In February 2023, American biochemist and Nobel Prize laureate Paul Berg died at the age of 96. In 1972, he and his team published an article in a scientific journal describing the creation of the first recombinant DNA molecule. This molecule is made by joining (recombining) DNA from different species in a test tube. The development of this technology has completely changed the field of genetics.. In fact, the ability to cut pieces of DNA and splice them together in a test tube was vital to the development of genetic engineering. Through genetic engineering, GMOs can be produced, which are very important tools for biomedical research and development. Also through genetic engineering, the genome of an organism can be modified so that it possesses a gene of another species, thus making it a GMO.
Although there are GMOs whose use (or abuse) is questionable, The advances in human health made by recombinant DNA technologies are indisputable. A clear example of this is the development of vaccines against the SARS-CoV-2 virus. The pandemic would have been exponentially more torturous without vaccines.
Another closely related application is the production of human proteins in bacteria. This technique consists of adding a human gene to the genome of bacteria that has the information to produce a specific protein. (Most genes have the information to make proteins, which are the molecules that allow our cells and organs to function.) Thus, after years of laboratory work, bacteria become an important protein factory.

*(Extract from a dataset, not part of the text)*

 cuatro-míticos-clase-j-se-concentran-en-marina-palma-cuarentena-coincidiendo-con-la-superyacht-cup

The first protein to be produced in this way was insulin, which is used to treat diabetes.. Growth hormone is also produced in this way, which, as its name suggests, makes it possible to correct deficiencies in growth. Before there were interconnected versions of these two proteins (that’s what protein copies are called when produced in bacteria), both were purified from animal organs: insulin with pig or cow pancreas and growth hormone with human brains.
In the case of growth hormone, a transition to protein acquisition by genetic engineering was inevitable, because the strategy of purifying protein from cadaver samples presents unacceptable risks. It was discovered that the hormone purified from human brains can be contaminated with another protein called a prion, which causes the terrible Creutzfeldt-Jakob disease, better known as “mad cow disease.”

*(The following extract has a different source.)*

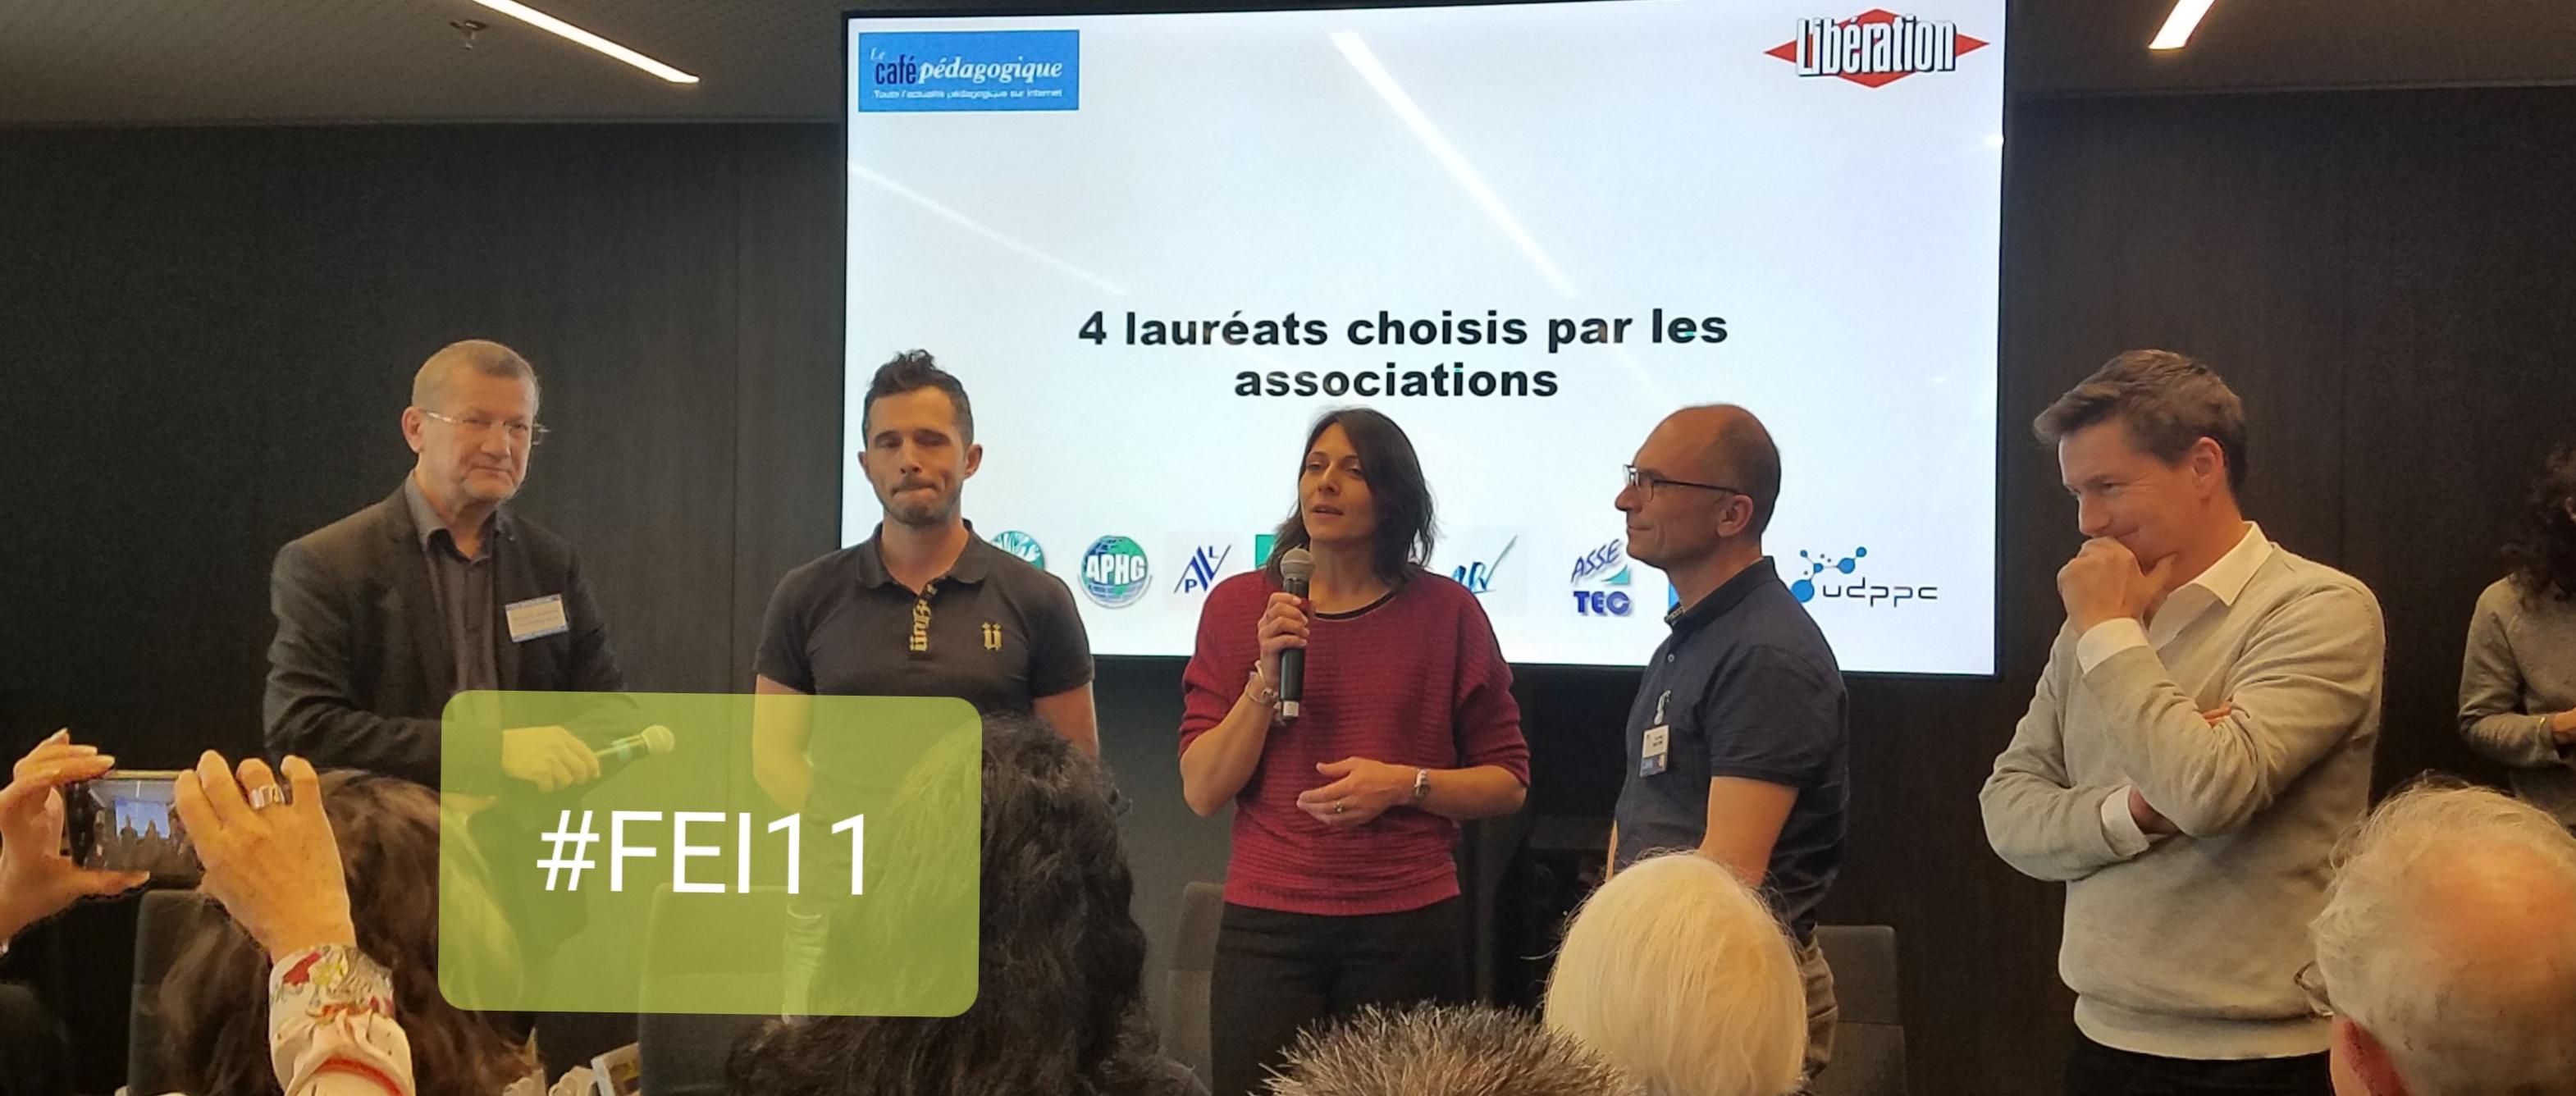 11ème Forum des Enseignants Innovants – Café pédagogique

This result led to the discontinuation of the use of growth hormone from human tissue. Luckily, The production of recombinant proteins does not carry such risks, which has allowed continued medical use of recombinant growth hormone since 1985.. A few years later, this virtuous healer meets our hero.
Lionel Messi was born in 1987 in the city of Rosario. At nine years old, when he was much shorter than his teammates but was already fielding players in the lower ranks of Newell’s, medical studies determined that Lionel had a growth hormone deficiency. at that moment, The doctors decided that he should start treatment with recombinant growth hormone.

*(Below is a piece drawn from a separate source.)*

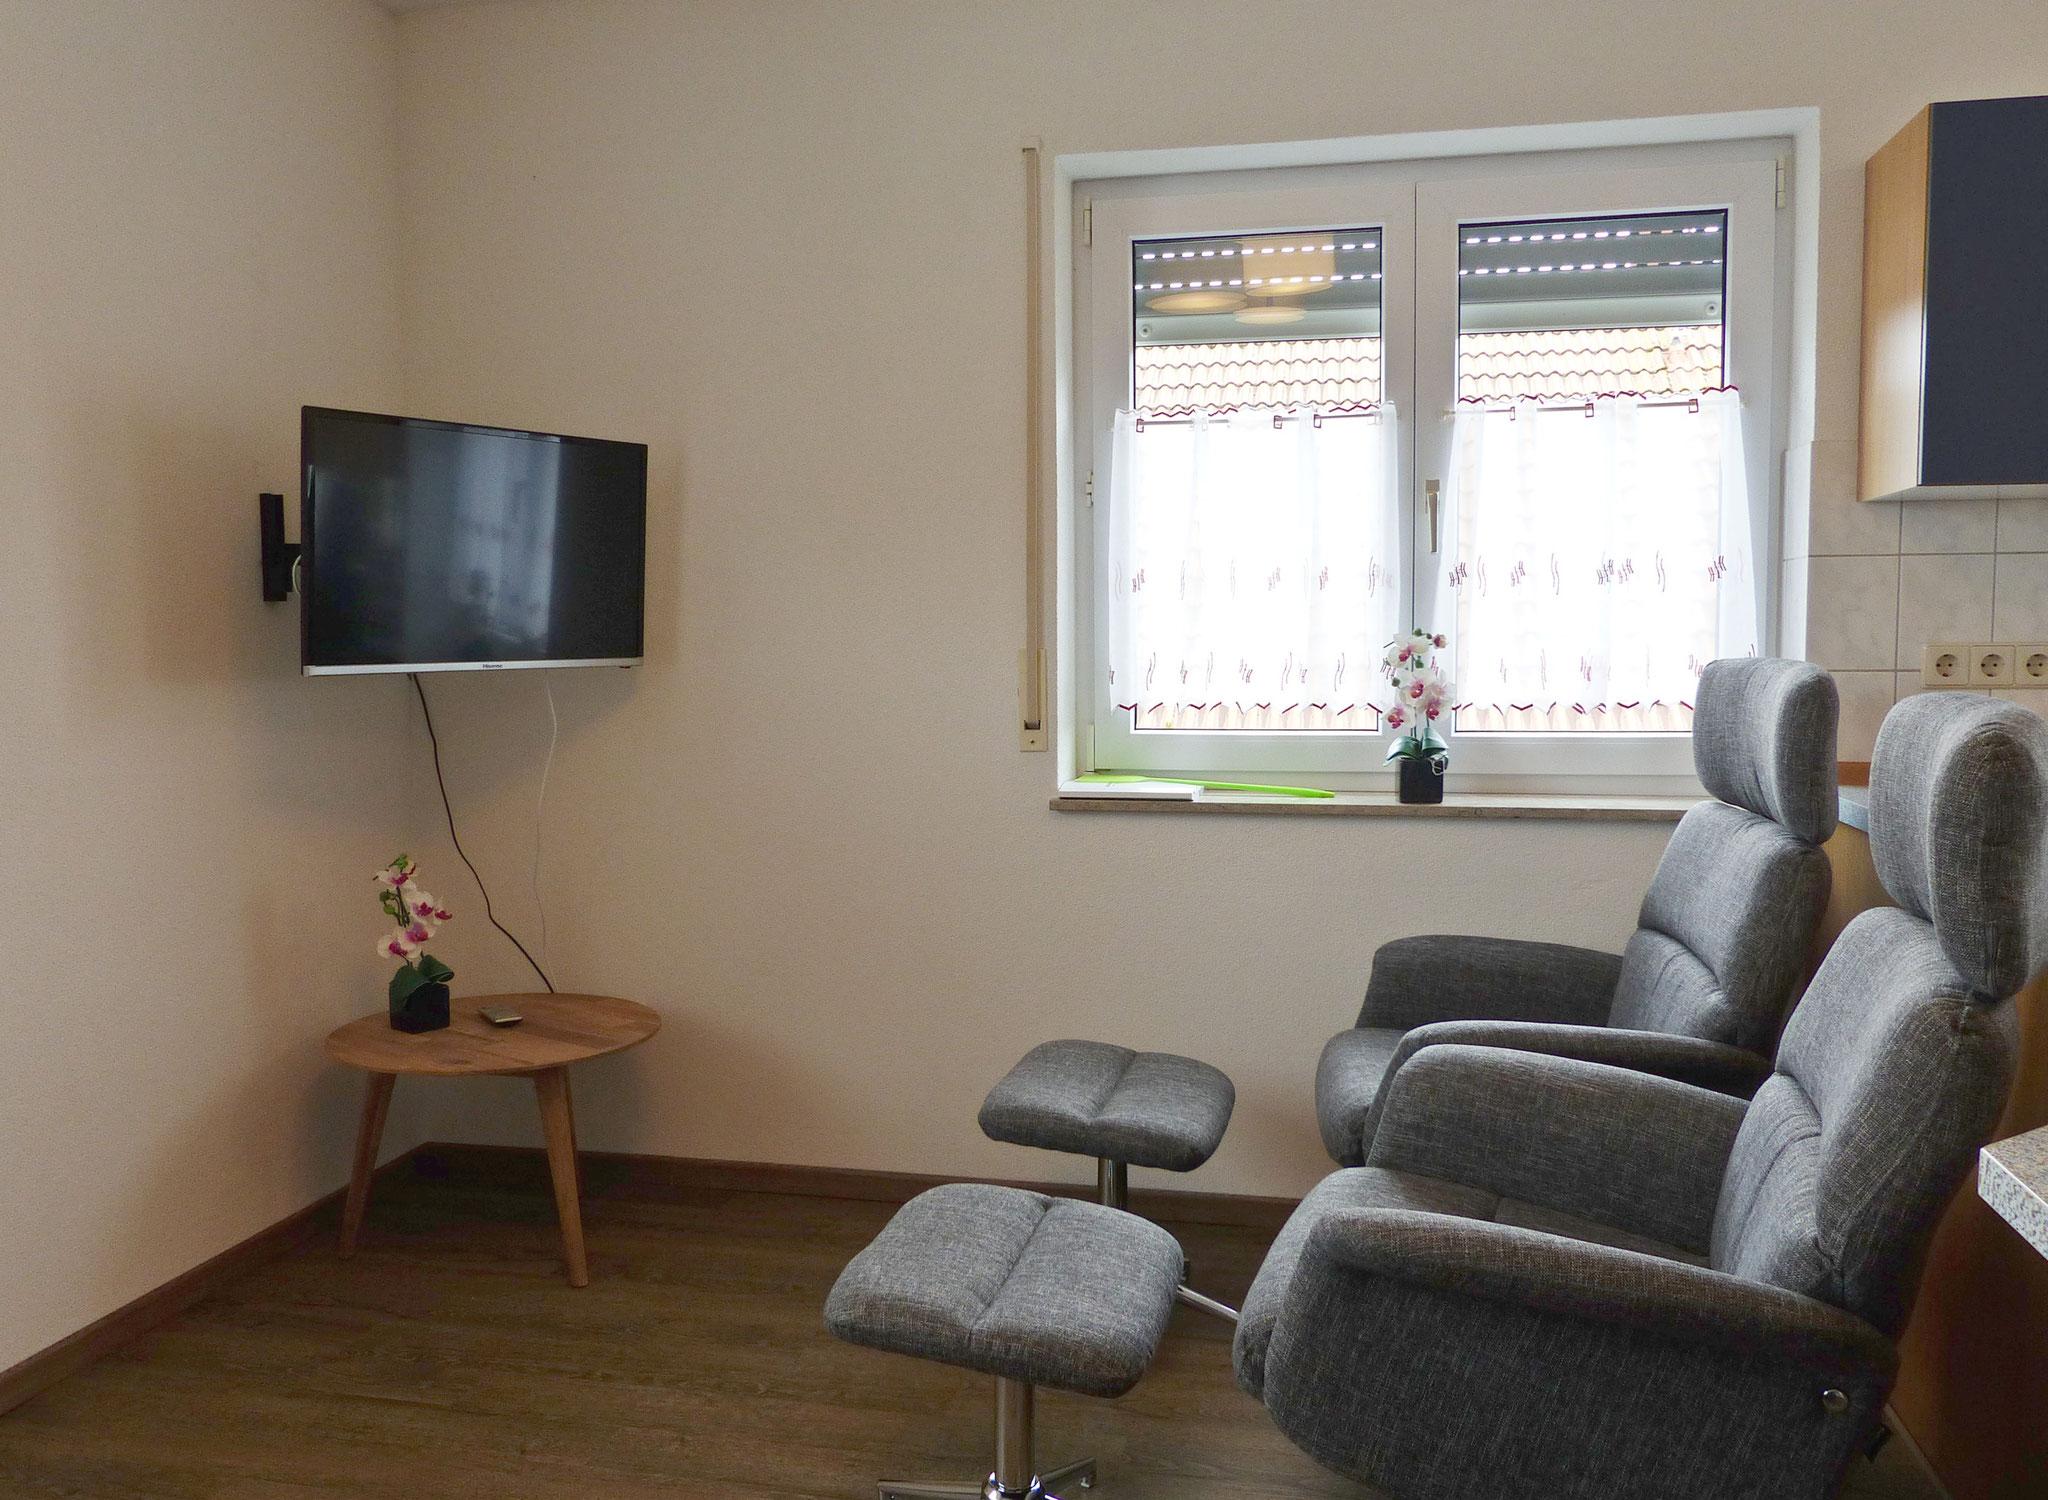 Wohnbereich - zwei bequeme Relaxsessel

According to the doctor who treated him, Messi was 15 cm shorter than he currently measures. Will the 1.50m tall Messi be able to look over the wall and determine where the free kick is taken? Was he going to be able to fend off the attacks of the defenders who were two-headed past him? Would Messi, 1.50 meters high, dare say “What are you looking at, silly? Andá pallá” to a two-meter Dutch giant?
Wondering if Messi would have been the same without recombinant growth hormone treatment he enters the swampy terrain of antihistory. I am inclined to believe that it will not be the same, and I’d like to think we wouldn’t have won the World Cup if Berg and his team hadn’t started advancing genetic engineering. Perhaps, upon seeing Messi win the trophy, the Nobel laureate felt that his contribution to humanity was complete.
* Professor of Genetics at the Faculty of Exact and Natural Sciences at UBA and researcher at Conicet.